The Dissertation Workshop is a graduate educational seminar open to graduate students and their advisors. CES invites graduates students who are interested in attending this workshop or in presenting their research to contact Nikolas Weyland, CES Dissertation Workshop Coordinator.
Emma Friedlander is a third-year Ph.D. candidate in the history department. Her dissertation examines the popular culture of alternative spirituality in the late Soviet and post-Soviet periods in the Eastern European portion of the Soviet Union.

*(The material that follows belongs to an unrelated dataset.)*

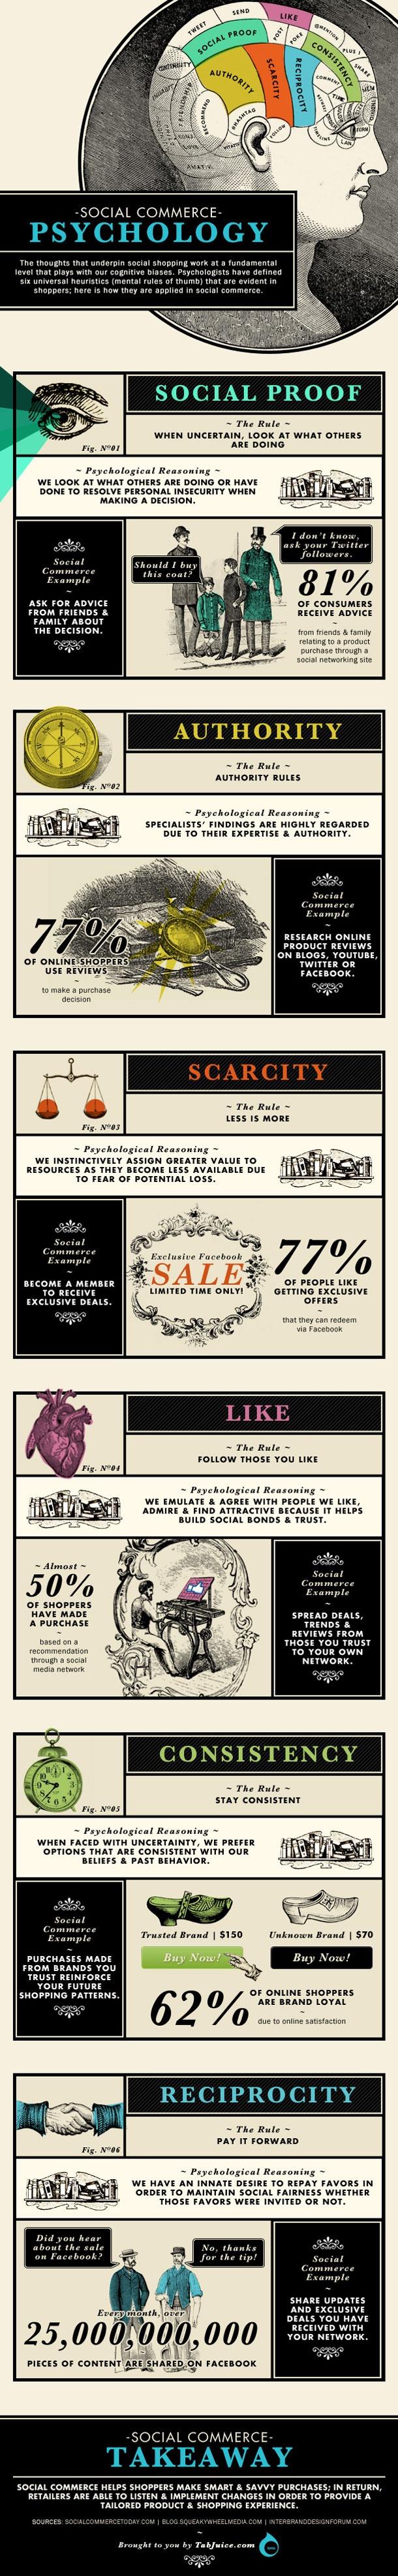 La Psychologie du Social Commerce en une infographie

In the years surrounding Soviet collapse, a notable craze for alternative spirituality and the paranormal swept society. This paper examines the inflection of horoscopes, premonitions, and exposés on psychics, UFOs, and alternative medicine trends in the newly independent tabloid press in the early 1990s. This chronology transcends the boundaries of official Soviet collapse in December 1991 to conceive of 1990-1993 as a cohesive era experienced by people as the “end of times.” The paper traces press discussions about alternative spirituality and the paranormal to ask how people interpreted the craze surrounding them. It identifies the combining of alternative spirituality with rampant sexuality and consumerism in the tabloids to argue for an abandonment of the previous moral order and search for a new one. Ultimately, the boulevard press provided a vital space for people to discuss and grapple with late and post-Soviet culture. Sources from Russia, Ukraine, and Latvia demonstrate their shared legacy of Soviet popular culture while revealing meaningful differences in the former republics.